Klungkung (Metrobali.com)-

Bupati Klungkung I Nyoman Suwirta mengikuti prosesi Mepepade Wewalungan serangkaian Karya Aci Pengenteg Jagat di Catur Loka Pala Pura Gelap, Besakih, Kecamatan Rendang, Karangasem, Kamis (11/8). Turut mendampingi Asisten Bidang Pemerintahan dan Kesejahteraan Rakyat Ida Bagus Ketut Mas Ananda dan Organisasi Perangkat Daerah lainnya.

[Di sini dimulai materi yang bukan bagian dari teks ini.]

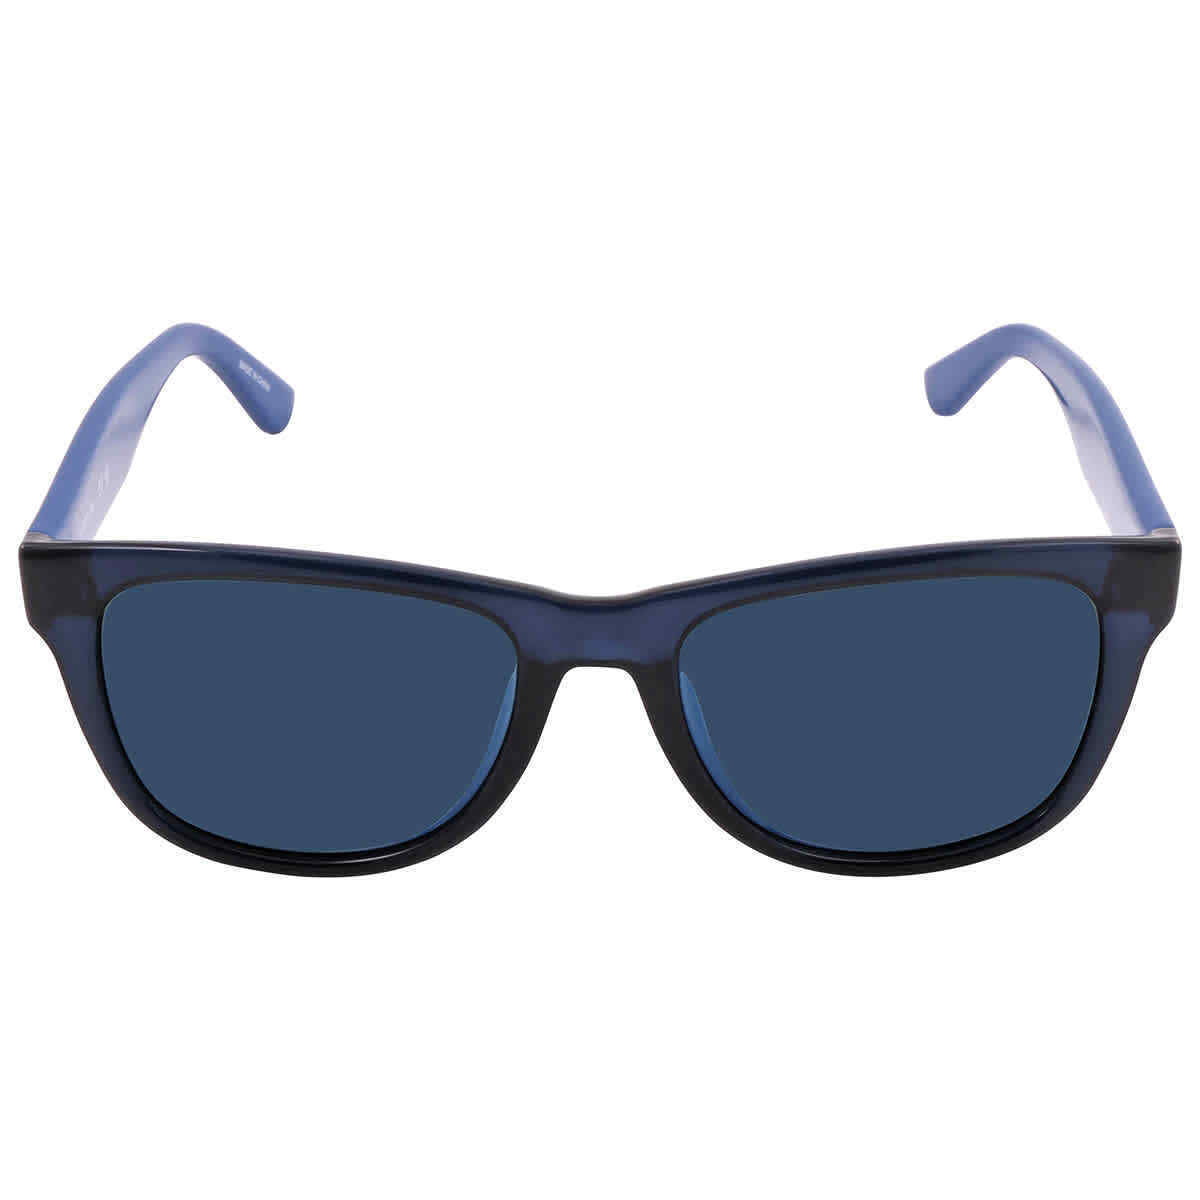 Lacoste L734S-424-5218 52mm New Sunglasses

Bupati Suwirta Berharap upacara Aci Penegteg Jagat sebagai wujud bakti umat kehadapan Ida Sang Hyang Widhi Wasa sebagai penguasa alam semesta ditujukan untuk menjaga keseimbangan alam. Diharapkan, melalui pelaksanaan upacara ini mampu menjaga keseimbangan dan penedegdeg jagat. “Melalui upacara ini kita memohon keselamatan dan keseimbangan alam beserta isinya,” harap Bupati Suwirta

Pawartaka Karya, Dewa Ketut Soma menyampaikan, Adapun tujuan dari ucapara Mepepade ini yakni untuk menyucikan semua wewalungan atau binatang korban yang akan digunakan dalam Aci Pengenteg Jagat. “Wewalungan itu meliputi Kerbau, Kambing, Babi, Angsa, Ayam, Penyu dan berbagai jenis sarana pelengkap lainnya. Seluruh wewalungan tersebut disucikan, didoakan dan dituntun murwa daksina, berputar tiga kali putaran searah jarum jam mengelilingi area Pura Gelap,” jelas Dewa Soma.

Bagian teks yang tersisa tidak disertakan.